Some say that it is Albert Victor who supposedly haunts the halls of the royal home. The eldest son of King Edward VII and Queen Alexandra and a favourite grandson of Queen Victoria, he was once named as a suspect in Jack the Ripper’s Whitechapel murders. (With no solid evidence whatsoever, it must be noted).

The first theory was that the Prince had contracted a sexually-transmitted disease from a

sex worker which had spread to his brain and caused him to go on a murderous, vengeful

rampage. The second was that Albert fell in love, had a child with and secretly married a Catholic girl in Whitechapel and that in order to protect the Royal name, agents of the family murdered anyone with knowledge of the Prince’s secret child. Regardless of groundless theorising, Albert’s life was filled with links to scandal, illness and rumours about his intellect, mental health and sexuality.

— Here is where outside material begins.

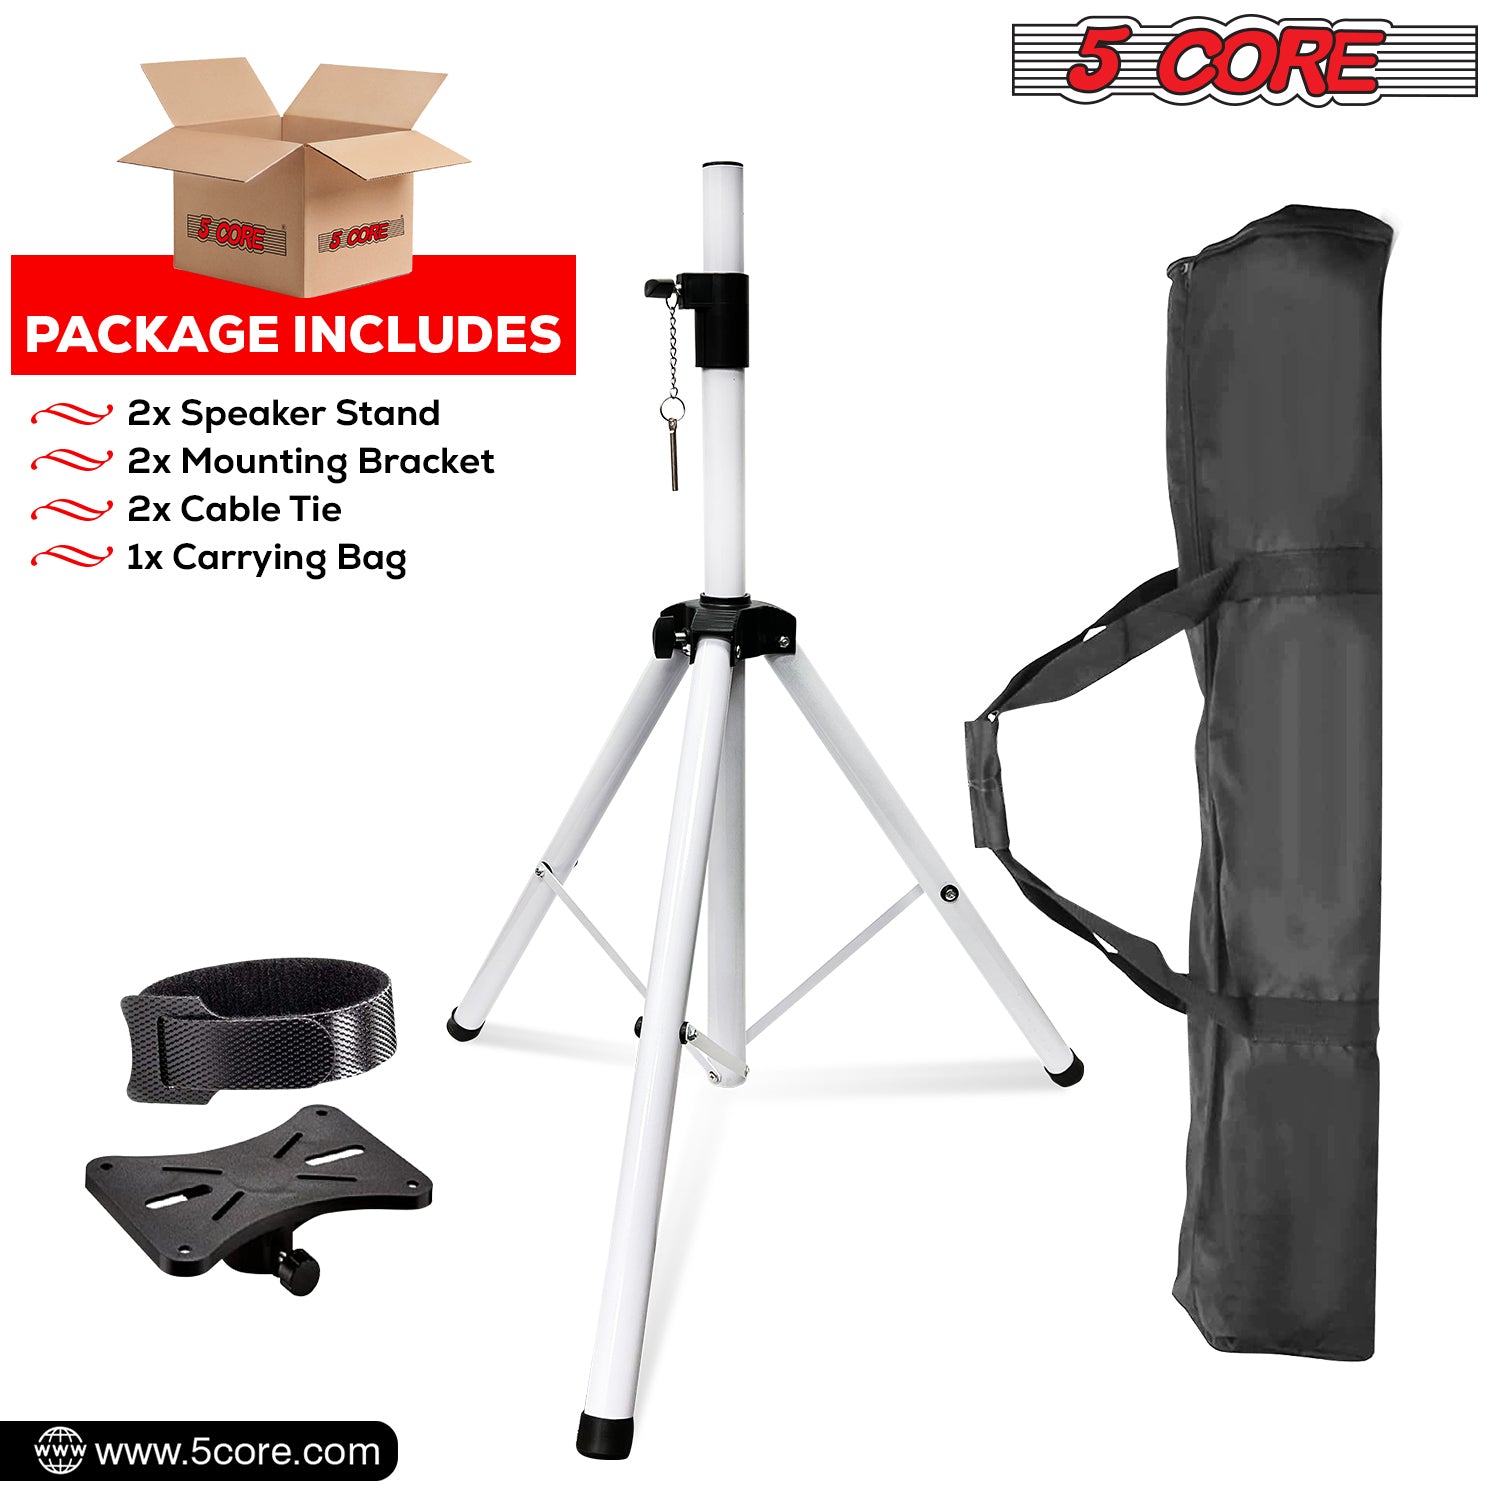 5Core Speaker Stands Tripod Tall DJ Studio Monitor stands 72" Pole Mount White with Bag

In late 1891, Edward and Alexandra, despairing their son – next in line to the throne – would

never marry or produce an heir, ordered him to propose to Mary of Teck, a minor Princess

within the Royal family who he scarcely knew. The wedding was planned for February 1892, but by January of the same year, the Prince was dead, a victim of the influenza that killed thousands in Britain. He died the day before his 28th birthday at Sandringham.

Queen Alexandra kept the room in which he died as a permanent shrine, his hairbrushes

and shaving kit ready for him, a fire burning in the grate during the winter months.